Here are some things she’s noticed:

  • Everyone in Harlan County wears super-tight jeans.  Self is of course referring to the men:  Raylan Givens, Boyd Crowder.  If you happen to be a man, one without a predilection for wearing super-tight jeans, you are a minor character.  GET OVER IT.
  • This episode marks only the second time this season that she’s heard Timothy Olyphant say “Shut up.”  She loves the whole “Shut up” thang.  Raylan always says it to a perp.  It occurs to self that part of Raylan’s appeal is that he makes you think he’s doing you a favor when he pulls a gun on you.  Shoot me, Raylan!  Just shoot me!
  • Raylan’s father is dead.  Dead as a doornail.  There will be no Second Act for Raylan’s dad.
  • The character of Ava has undergone quite a transformation since Season 1.  Self will never forget how Ava crept into Raylan’s life:  she was a battered wife who shot her husband, and Raylan had just moved back to Harlan County.  Now that Ava has turned into such a Hard-Ass, self wonders where her character can go next.  Maybe Ava will be converted to evangelical Christianity!  Maybe she and Boyd will split!  Maybe she gets pregnant!
  • The preacher’s sister makes an appearance, looking so exceptionally wan.  She is being strangled by Grade B Gerard Depardieu and cocaine addict Colt when Tim Gutterson arrives, just in the nick of time.  Later, she and Tim Gutterson have an intimate conversation in a squad car.  Self thinks she knows where this thread is going.  Saint + Ex-Sniper = hello, fascination!
  • There has been no Erica Taziel, not for weeks and weeks.  She doesn’t even appear in a panning background shot.

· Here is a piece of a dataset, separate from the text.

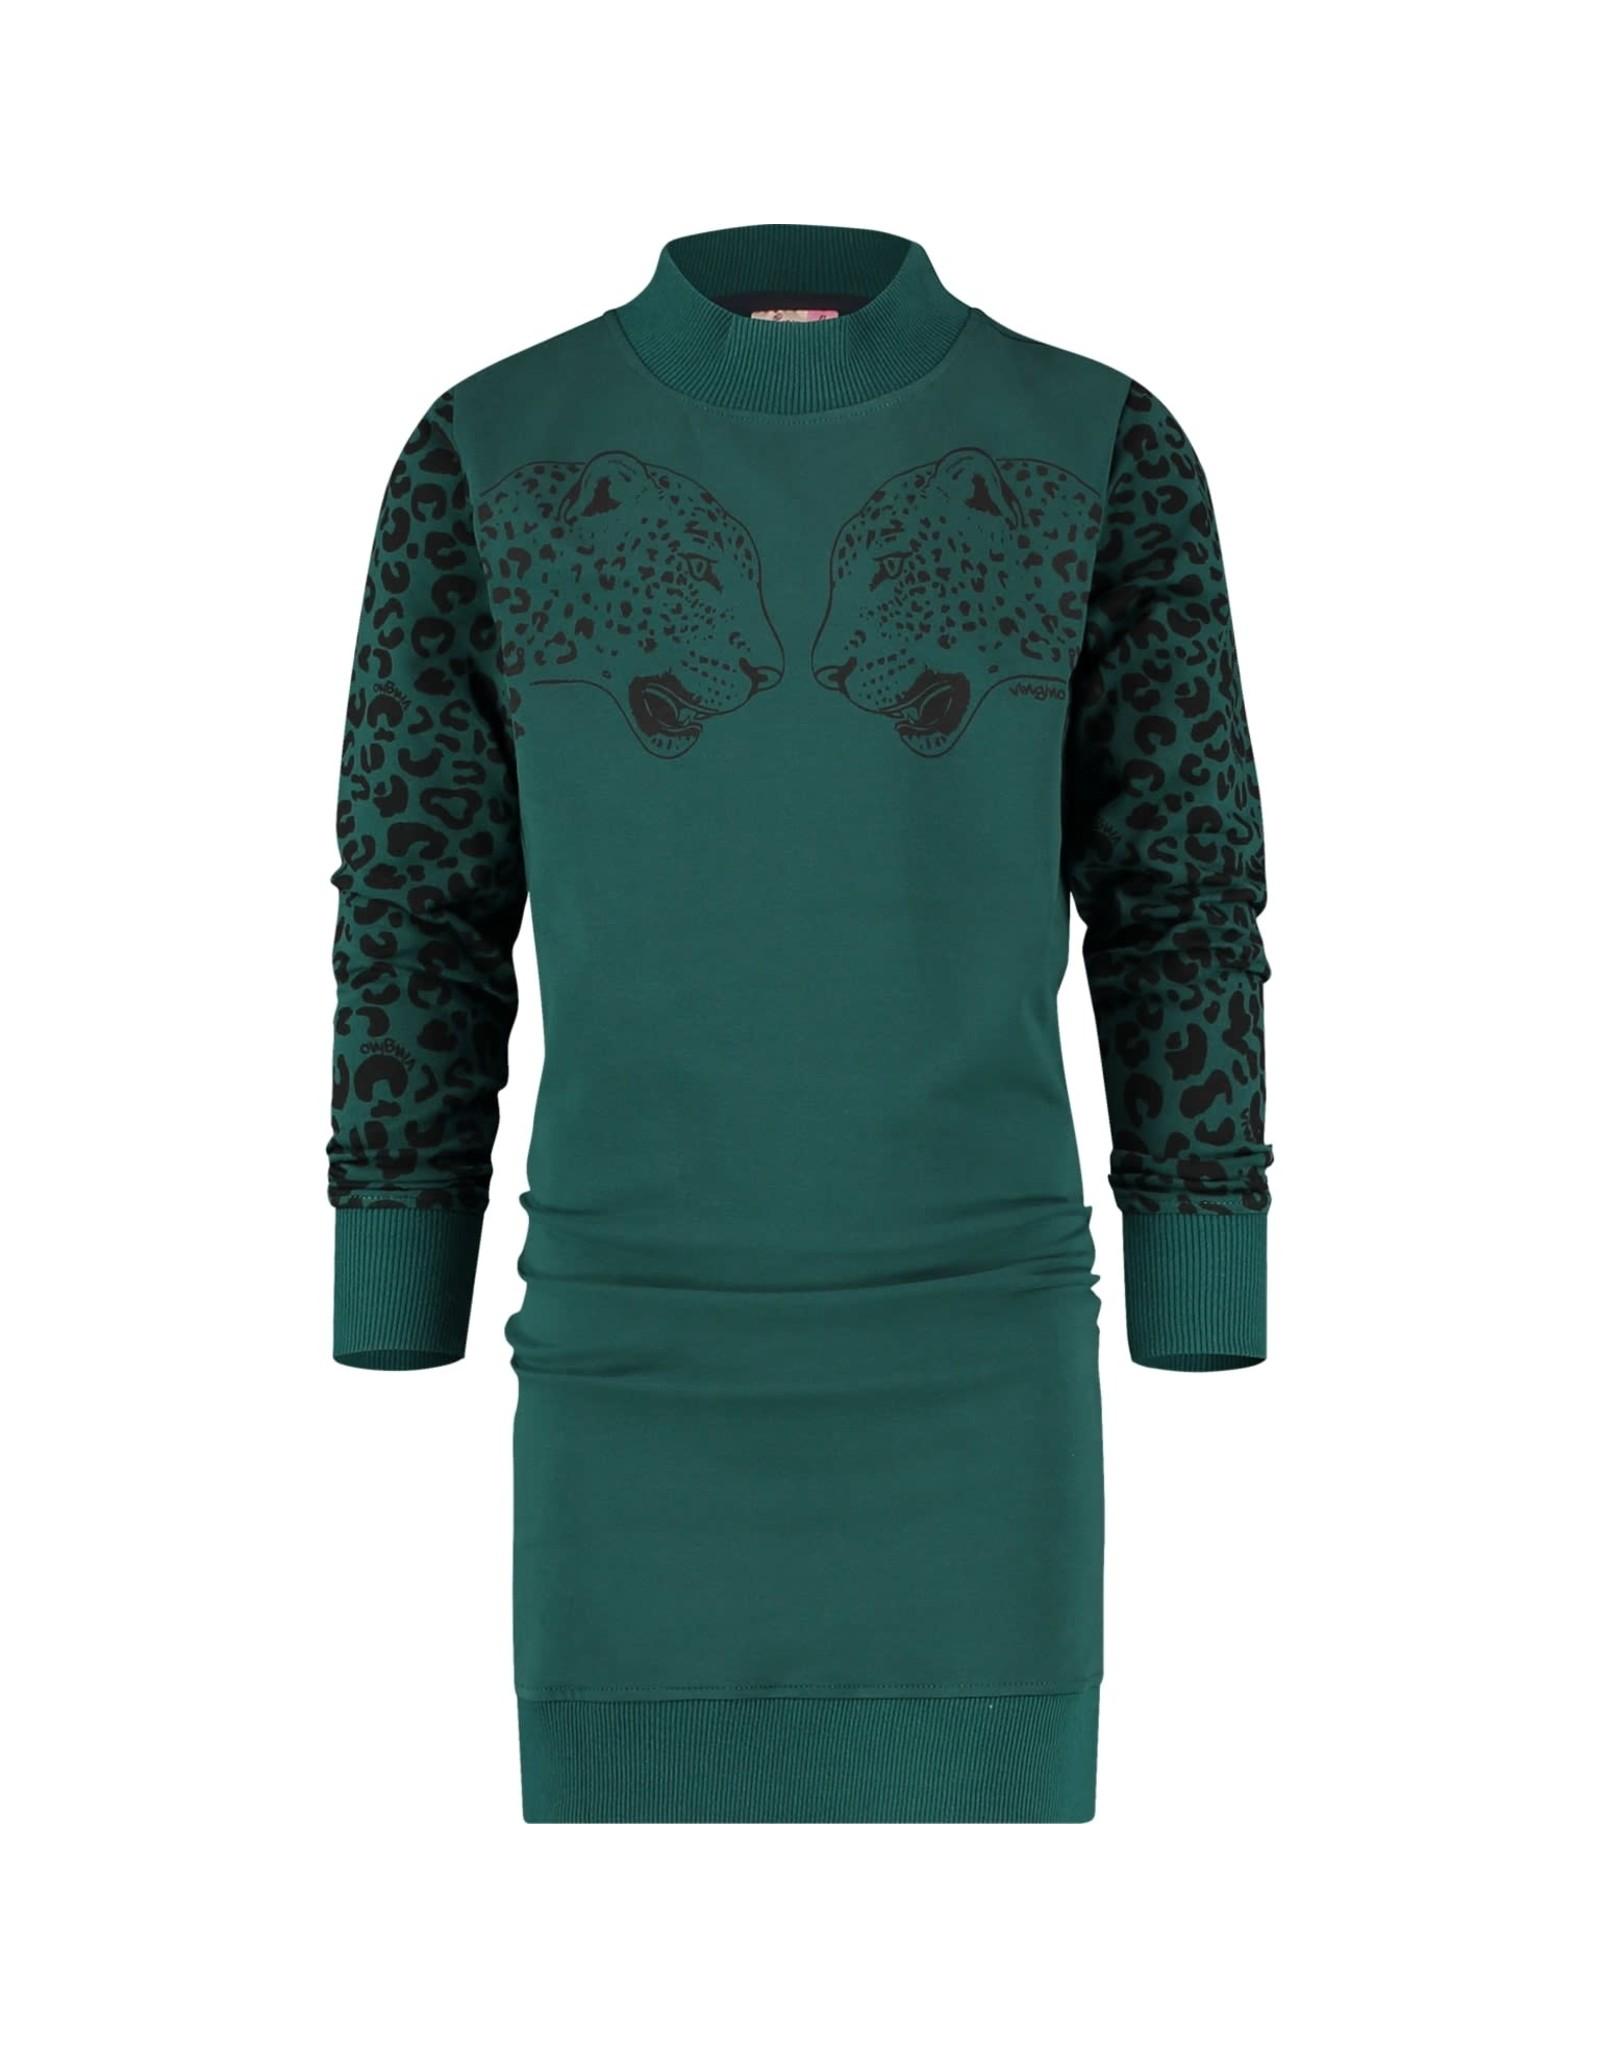 Vingino Vingino meiden jurk Palloes Deep Green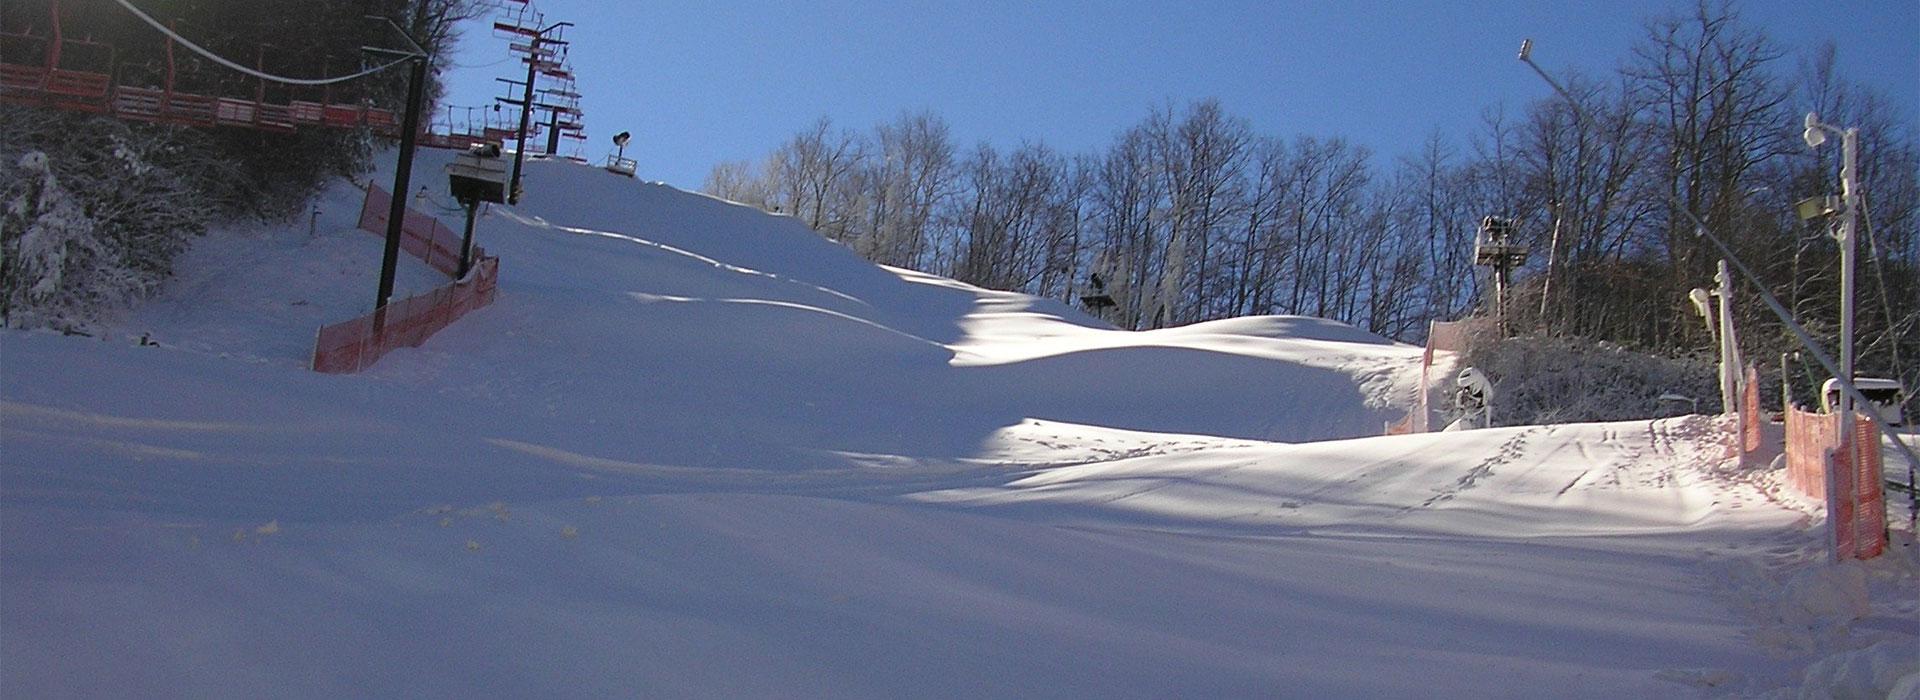 Ober gatlinburg weather for Boone ski cabin rentals

  • Art, Raylan’s boss, has a tirade.  Self loves when Art goes into a tirade.  It’s always about something Raylan did or didn’t do.  What endurance Art has:  coping with the Raylan drama must be exhausting.  Give Art a medal, already!
  • Self thinks she likes “Justified” better when Raylan is left to do his thing.  Whenever Ex-Wife Winona or that woman who was married to a fighter put in an appearance, the narrative gets pulled into odd directions.  It is just fine, in self’s humble opinion, for Raylan to remain unattached for the rest of the show’s life.  Because Olyphant is so gorgeous, it’s hugely ironic to see him having such bad luck with women.  It’s the In-Joke of all In-Jokes.
  • Self loves the scene where a rotund police officer tries to arrest two people:  they laugh at him and tell him to run along.  Self has a new appreciation for people who decide to be cops, especially if their beat turns out to be the old neighborhood.
  • Why is Ella May such a thorn in everyone’s side?  She’s a poor waif who wouldn’t hurt a fly.  About the only transgression Ella May is guilty of is escaping from her would-be murderer.  People, why can everyone not understand that Ella May DOES NOT WANT TO DIE?  Who can blame her?  It is so nice to be alive.  To want to be alive is not a crime, is it?  But because Ella May has not obliged by conking off, now everyone is competing to end her miserable life.  Is this justice?  What kind of people would sink to such a low of moral turpitude?
  • Self loved the closing scene.  Raylan is having a chat with the prisoner he was escorting to a new facility, the one who killed Raylan’s dad.  Raylan tells the Orange Jumpsuit that the last conversation he had with his Dad was heartwarming —  or words to that effect.  Then, THE END!